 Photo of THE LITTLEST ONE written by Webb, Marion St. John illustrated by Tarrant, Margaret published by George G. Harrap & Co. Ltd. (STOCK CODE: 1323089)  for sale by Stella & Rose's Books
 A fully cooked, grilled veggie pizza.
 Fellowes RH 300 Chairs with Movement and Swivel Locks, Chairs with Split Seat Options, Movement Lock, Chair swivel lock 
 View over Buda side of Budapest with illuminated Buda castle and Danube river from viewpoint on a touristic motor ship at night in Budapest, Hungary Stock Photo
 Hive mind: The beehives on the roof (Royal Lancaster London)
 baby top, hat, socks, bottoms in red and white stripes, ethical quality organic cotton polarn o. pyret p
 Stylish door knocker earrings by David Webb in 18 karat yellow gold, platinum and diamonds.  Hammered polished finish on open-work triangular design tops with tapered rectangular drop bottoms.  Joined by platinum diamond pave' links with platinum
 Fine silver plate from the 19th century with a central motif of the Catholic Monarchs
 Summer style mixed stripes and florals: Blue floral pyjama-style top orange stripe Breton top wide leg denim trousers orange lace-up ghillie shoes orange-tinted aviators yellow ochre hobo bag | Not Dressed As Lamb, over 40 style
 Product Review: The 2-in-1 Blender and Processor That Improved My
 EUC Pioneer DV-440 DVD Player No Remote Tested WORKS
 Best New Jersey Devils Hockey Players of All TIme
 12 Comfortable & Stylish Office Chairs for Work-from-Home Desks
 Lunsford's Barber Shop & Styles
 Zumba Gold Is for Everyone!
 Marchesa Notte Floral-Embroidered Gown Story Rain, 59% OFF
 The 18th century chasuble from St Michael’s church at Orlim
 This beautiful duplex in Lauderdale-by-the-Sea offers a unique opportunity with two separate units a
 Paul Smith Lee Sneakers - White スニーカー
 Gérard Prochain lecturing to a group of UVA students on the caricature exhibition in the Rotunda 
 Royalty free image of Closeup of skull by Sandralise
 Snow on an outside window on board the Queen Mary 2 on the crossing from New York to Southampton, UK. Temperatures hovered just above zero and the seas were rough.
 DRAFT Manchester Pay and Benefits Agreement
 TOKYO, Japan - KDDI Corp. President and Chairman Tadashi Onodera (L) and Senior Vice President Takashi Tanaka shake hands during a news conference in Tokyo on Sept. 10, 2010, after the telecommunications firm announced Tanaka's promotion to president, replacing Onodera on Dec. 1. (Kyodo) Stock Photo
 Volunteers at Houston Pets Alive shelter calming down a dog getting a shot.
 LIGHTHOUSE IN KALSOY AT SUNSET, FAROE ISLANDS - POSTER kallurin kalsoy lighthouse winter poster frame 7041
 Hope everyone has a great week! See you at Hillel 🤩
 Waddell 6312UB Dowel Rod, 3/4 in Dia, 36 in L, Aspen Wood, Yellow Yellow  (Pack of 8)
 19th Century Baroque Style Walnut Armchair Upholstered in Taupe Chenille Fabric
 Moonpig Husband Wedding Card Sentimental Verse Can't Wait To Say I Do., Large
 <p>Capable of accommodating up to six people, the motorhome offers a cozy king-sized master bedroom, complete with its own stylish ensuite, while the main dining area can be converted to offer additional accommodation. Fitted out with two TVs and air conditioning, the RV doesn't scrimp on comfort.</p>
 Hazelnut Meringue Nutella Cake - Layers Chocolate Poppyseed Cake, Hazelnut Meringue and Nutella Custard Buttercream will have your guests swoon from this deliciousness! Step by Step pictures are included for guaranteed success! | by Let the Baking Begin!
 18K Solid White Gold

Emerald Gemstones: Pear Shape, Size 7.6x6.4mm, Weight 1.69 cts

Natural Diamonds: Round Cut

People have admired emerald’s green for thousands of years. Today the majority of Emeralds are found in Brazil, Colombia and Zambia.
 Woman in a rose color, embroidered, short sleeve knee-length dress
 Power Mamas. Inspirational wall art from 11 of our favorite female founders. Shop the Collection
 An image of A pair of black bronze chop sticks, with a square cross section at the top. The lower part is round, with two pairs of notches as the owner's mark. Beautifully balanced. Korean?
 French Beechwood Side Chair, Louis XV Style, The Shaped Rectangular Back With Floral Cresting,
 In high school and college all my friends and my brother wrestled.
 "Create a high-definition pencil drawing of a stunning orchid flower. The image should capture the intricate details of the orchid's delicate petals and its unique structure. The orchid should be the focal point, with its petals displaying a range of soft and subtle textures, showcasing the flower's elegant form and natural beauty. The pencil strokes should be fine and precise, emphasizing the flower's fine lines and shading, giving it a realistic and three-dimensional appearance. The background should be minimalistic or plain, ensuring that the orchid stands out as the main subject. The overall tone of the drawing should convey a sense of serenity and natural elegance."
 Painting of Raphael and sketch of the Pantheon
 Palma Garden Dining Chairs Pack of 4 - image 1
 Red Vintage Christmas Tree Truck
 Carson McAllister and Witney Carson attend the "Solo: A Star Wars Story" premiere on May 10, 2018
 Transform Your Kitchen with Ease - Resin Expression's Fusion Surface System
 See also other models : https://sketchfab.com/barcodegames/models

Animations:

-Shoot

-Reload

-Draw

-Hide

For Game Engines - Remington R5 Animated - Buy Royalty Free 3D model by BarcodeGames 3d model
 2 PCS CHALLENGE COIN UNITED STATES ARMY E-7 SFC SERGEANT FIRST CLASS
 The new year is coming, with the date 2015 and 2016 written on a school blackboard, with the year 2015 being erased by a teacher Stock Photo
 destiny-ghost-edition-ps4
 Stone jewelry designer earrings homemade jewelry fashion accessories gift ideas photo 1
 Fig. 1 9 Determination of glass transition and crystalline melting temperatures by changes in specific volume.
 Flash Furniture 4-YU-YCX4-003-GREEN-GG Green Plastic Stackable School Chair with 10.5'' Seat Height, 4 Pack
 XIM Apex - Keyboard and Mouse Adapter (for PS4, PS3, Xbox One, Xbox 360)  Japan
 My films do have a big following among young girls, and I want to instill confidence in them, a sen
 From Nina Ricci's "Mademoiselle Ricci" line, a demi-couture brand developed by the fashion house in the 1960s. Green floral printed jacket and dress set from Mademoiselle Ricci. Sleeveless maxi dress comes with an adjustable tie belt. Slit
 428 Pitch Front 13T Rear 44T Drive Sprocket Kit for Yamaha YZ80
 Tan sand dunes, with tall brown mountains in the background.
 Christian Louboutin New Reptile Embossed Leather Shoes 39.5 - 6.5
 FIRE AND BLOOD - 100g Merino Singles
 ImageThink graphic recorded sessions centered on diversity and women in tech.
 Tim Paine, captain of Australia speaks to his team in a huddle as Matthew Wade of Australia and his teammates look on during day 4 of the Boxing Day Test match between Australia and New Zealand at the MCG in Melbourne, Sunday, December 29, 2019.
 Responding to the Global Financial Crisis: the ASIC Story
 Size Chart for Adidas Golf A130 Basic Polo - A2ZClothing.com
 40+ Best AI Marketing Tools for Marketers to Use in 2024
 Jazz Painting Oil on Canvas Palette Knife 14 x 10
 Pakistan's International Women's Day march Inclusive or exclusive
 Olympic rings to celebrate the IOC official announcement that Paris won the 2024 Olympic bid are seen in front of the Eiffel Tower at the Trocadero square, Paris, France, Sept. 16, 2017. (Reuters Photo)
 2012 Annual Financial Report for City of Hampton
========================
- **PROBLEM TO WORK ON**: Count every line above that includes the string "Painting", and answer with the count only.

- **RESULT OF THIS TASK**: 2